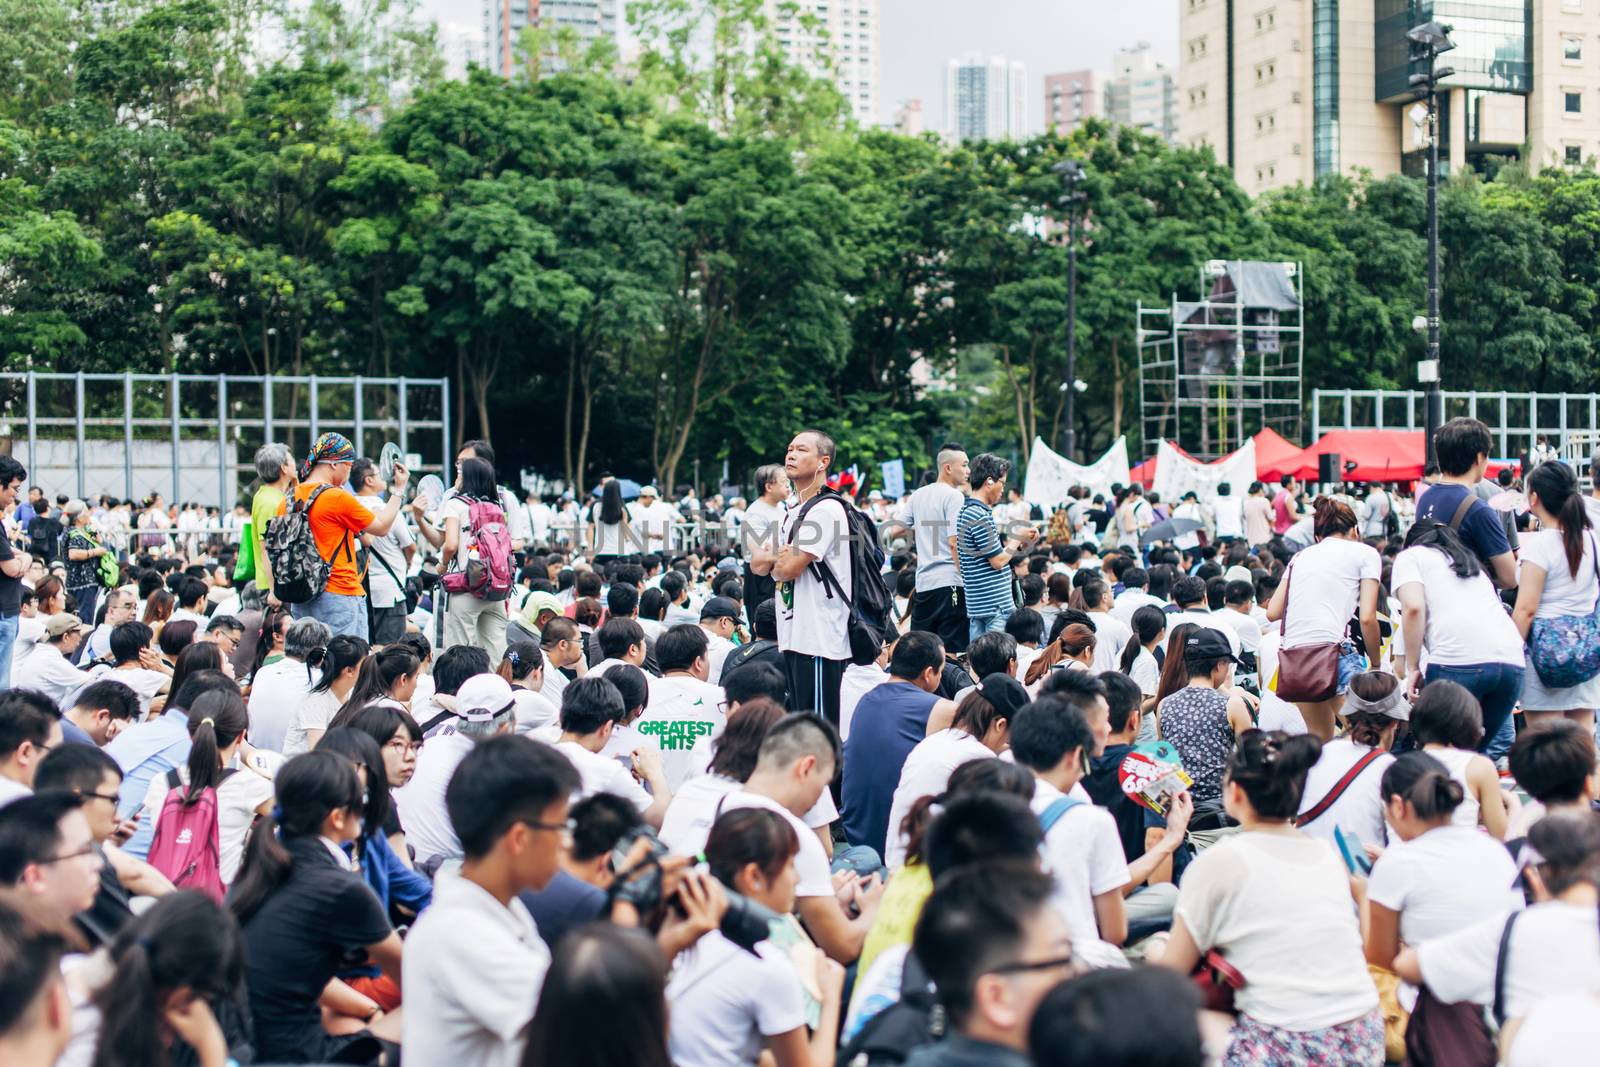 HONG KONG - JULY 1: Hong Kong people seek greater democracy as frustration grows over the influence of Beijing on July 1, 2014 in Hong Kong. Organizers of protest claimed a turnout of 510,000 people.
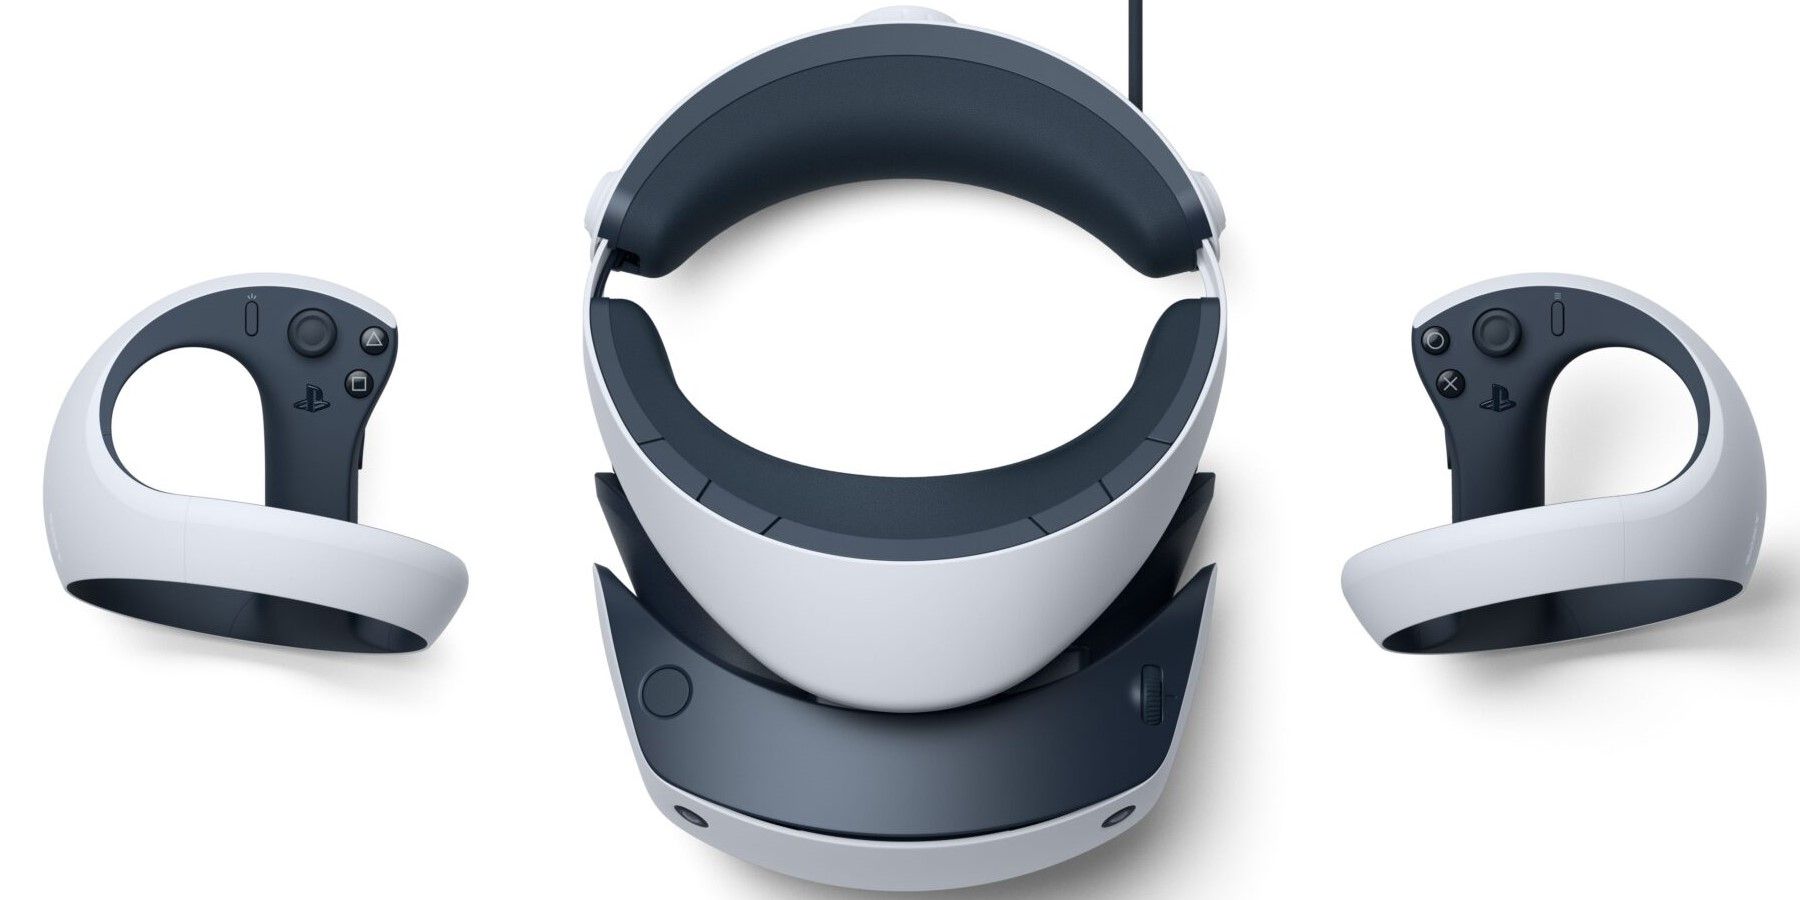 ps-vr2-headset-and-controllers
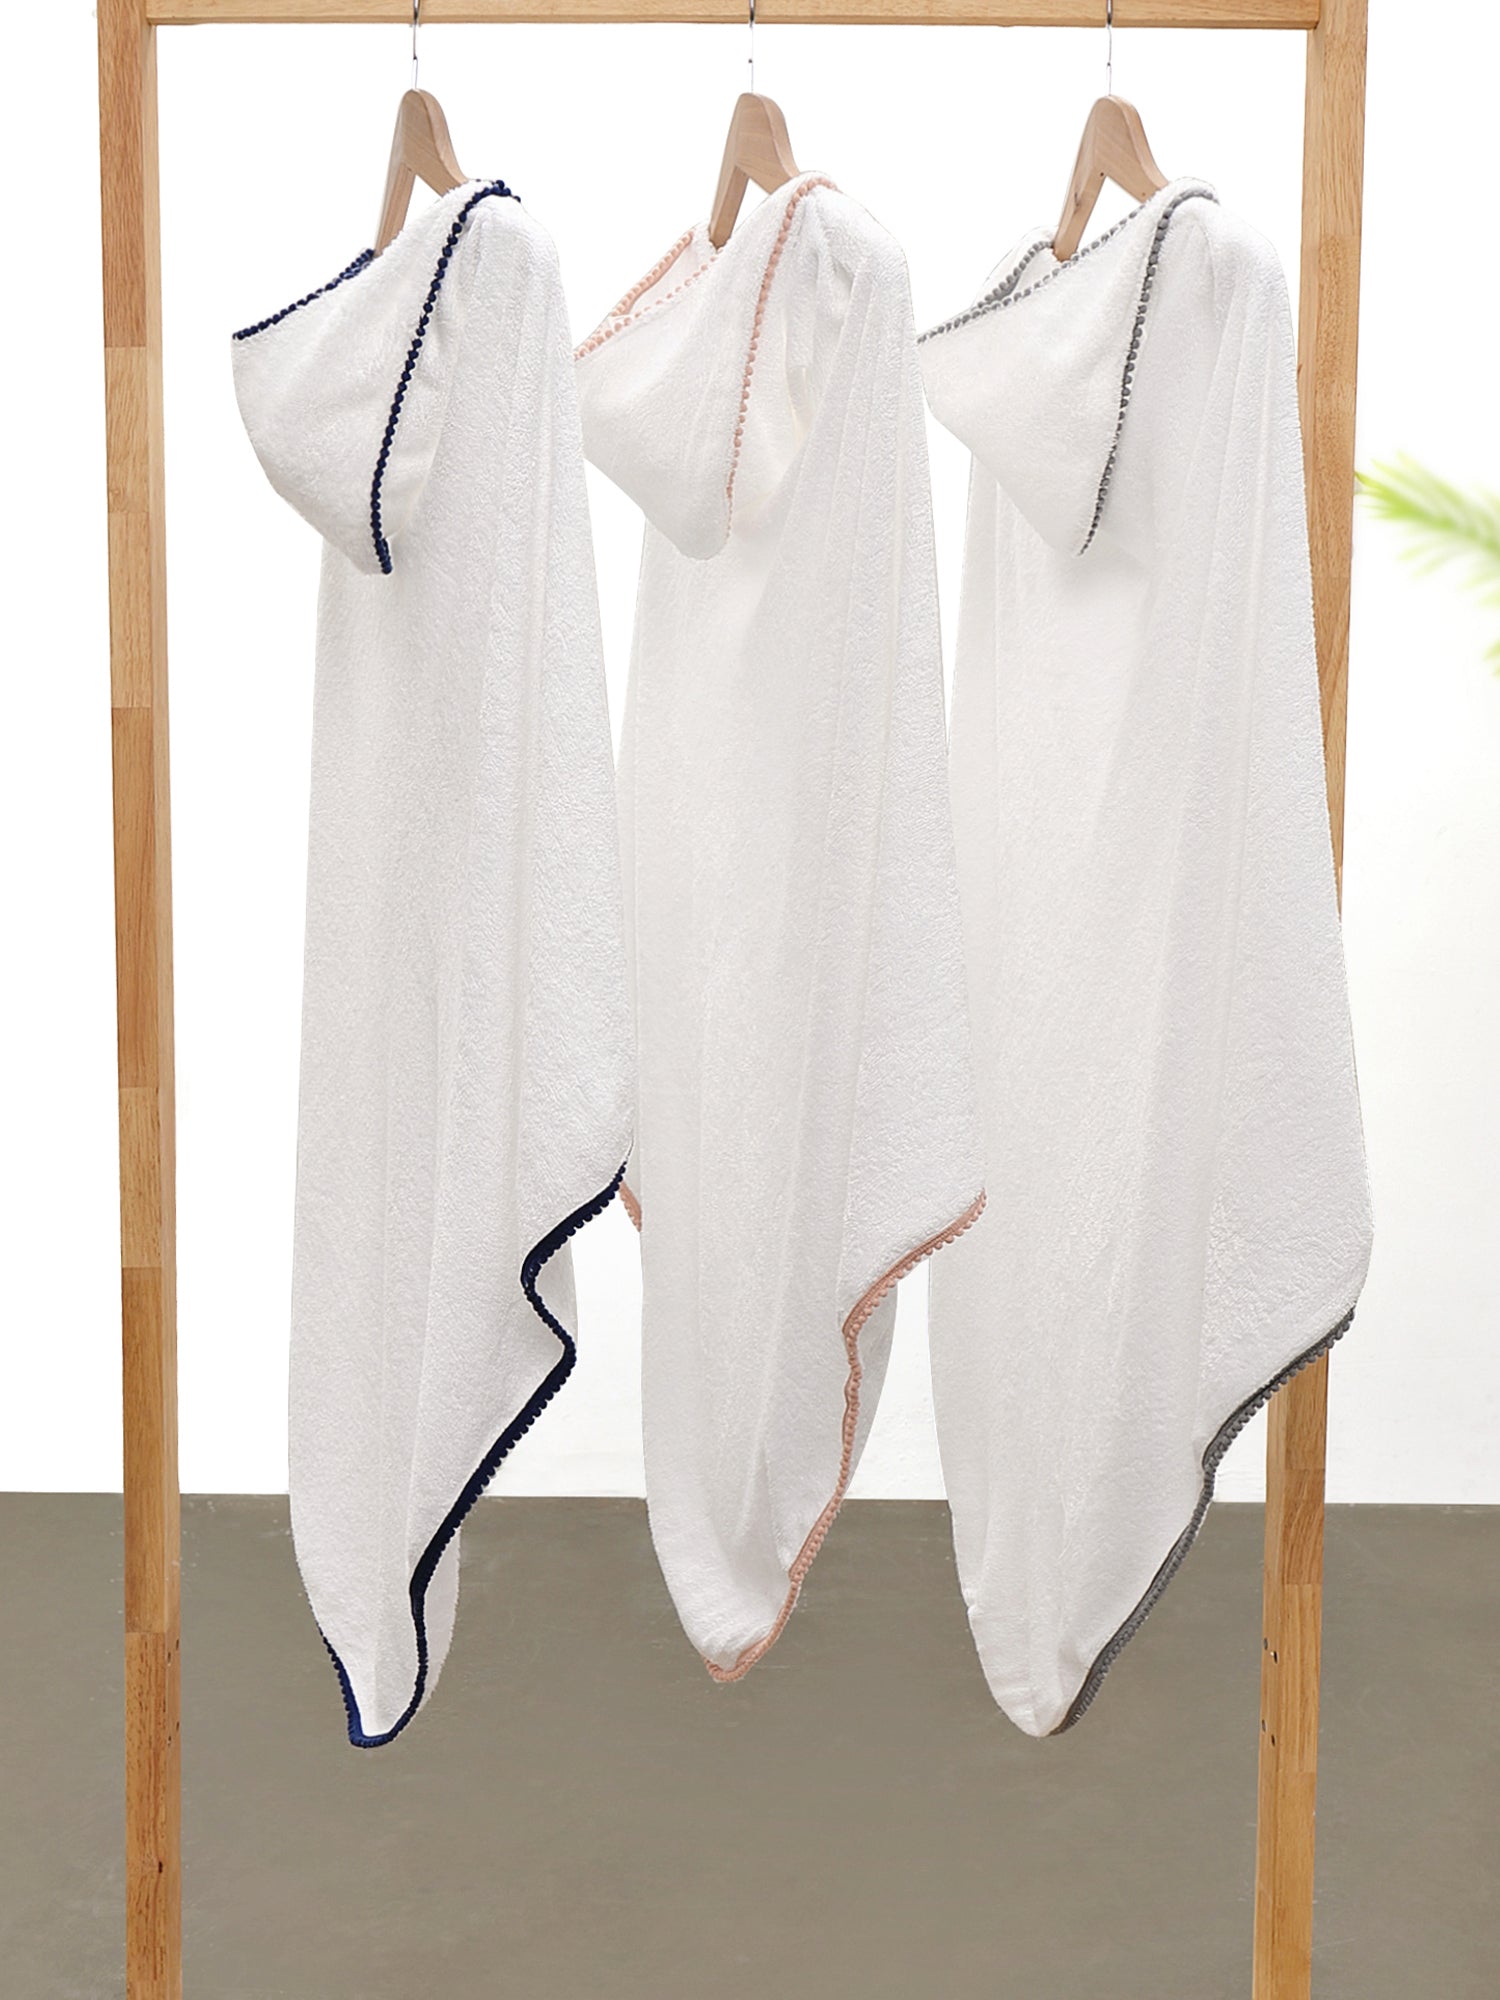 3 white malabar baby bamboo cotton towels hanging on a wooden rack. The towels are white and silky soft and have a hood. They also have a detailed pom pom trim. The towels are extra large and fit from newborns - toddlers 5 years old. Pom Pom colors are; n
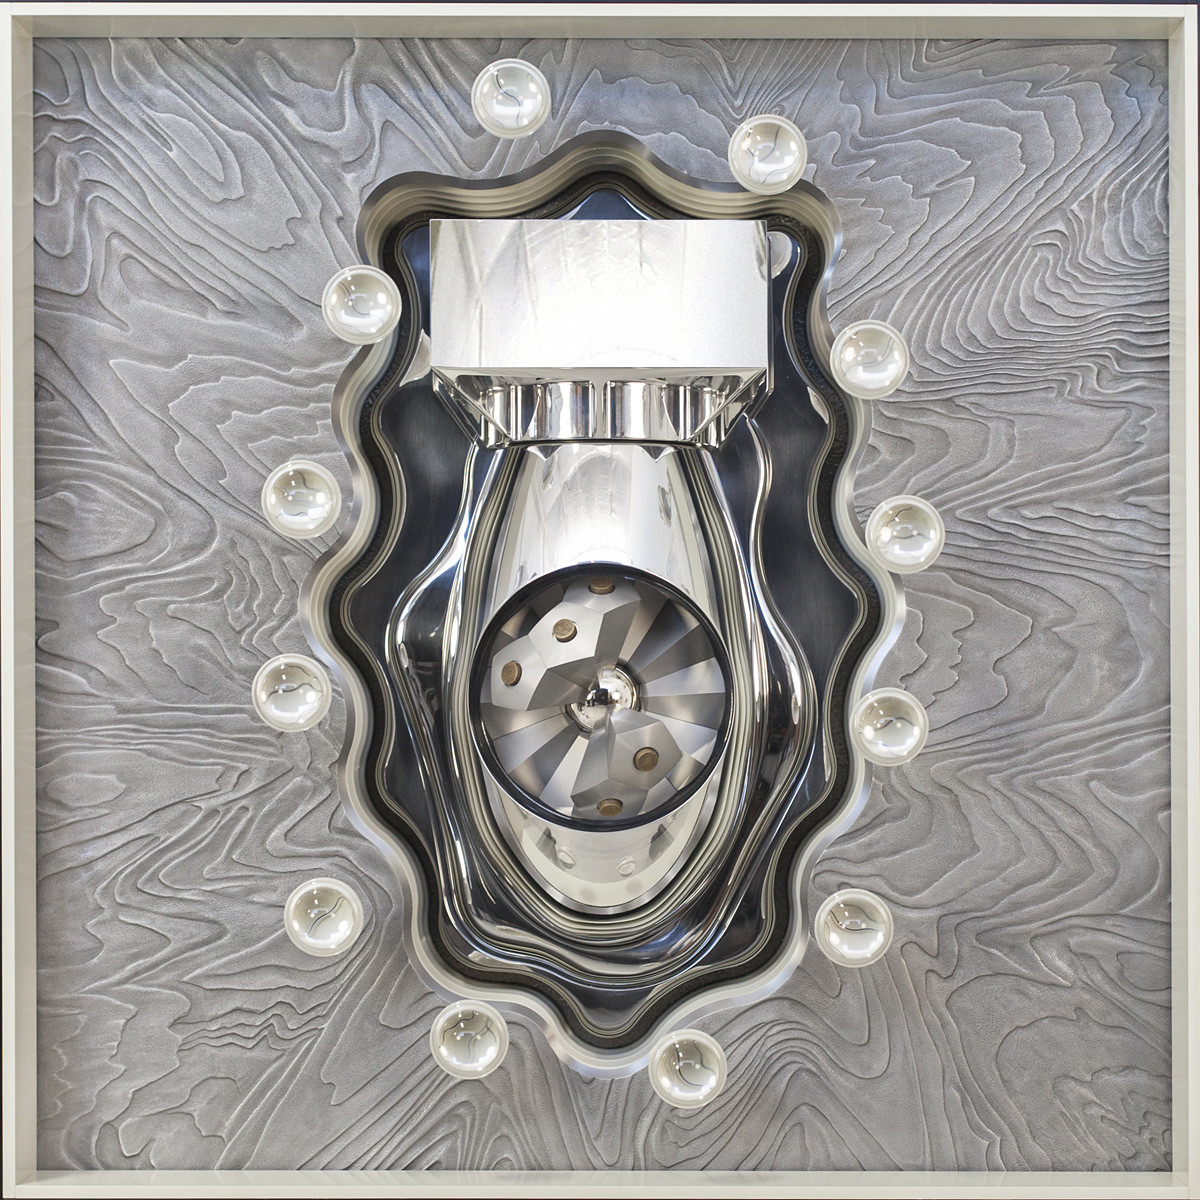 Fat Man and Little Boy, 2013 <b>Diptych<br />
( left )<br />
Aluminum, stainless steel, brass, nickel, acrylic, paint, anodize<br />
43" x 44" x 12"</b>
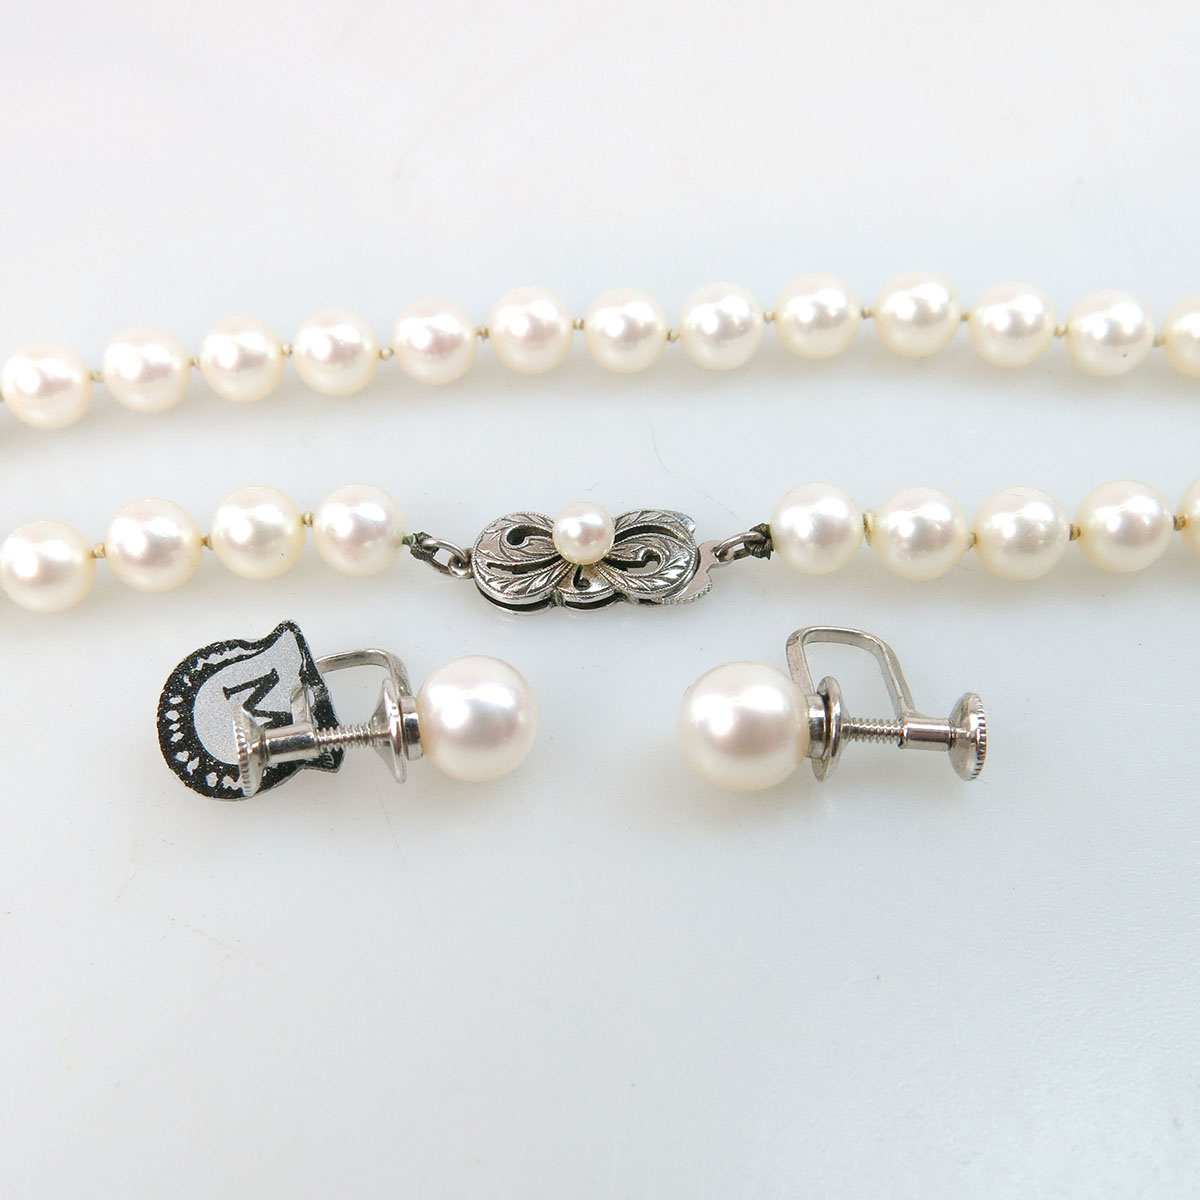 Mikimoto Cultured Pearl Necklace and Earrings

# ASSIGNED TASK:
Copy the lines above exactly. Do not include pictures.

# ANSWER SPACE:
 HONG KONG - JULY 1: Hong Kong people seek greater democracy as frustration grows over the influence of Beijing on July 1, 2014 in Hong Kong. Organizers of protest claimed a turnout of 510,000 people.
 ps-vr2-headset-and-controllers
 3 white malabar baby bamboo cotton towels hanging on a wooden rack. The towels are white and silky soft and have a hood. They also have a detailed pom pom trim. The towels are extra large and fit from newborns - toddlers 5 years old. Pom Pom colors are; n
 Fat Man and Little Boy, 2013 <b>Diptych<br />
( left )<br />
Aluminum, stainless steel, brass, nickel, acrylic, paint, anodize<br />
43" x 44" x 12"</b>
 Mikimoto Cultured Pearl Necklace and Earrings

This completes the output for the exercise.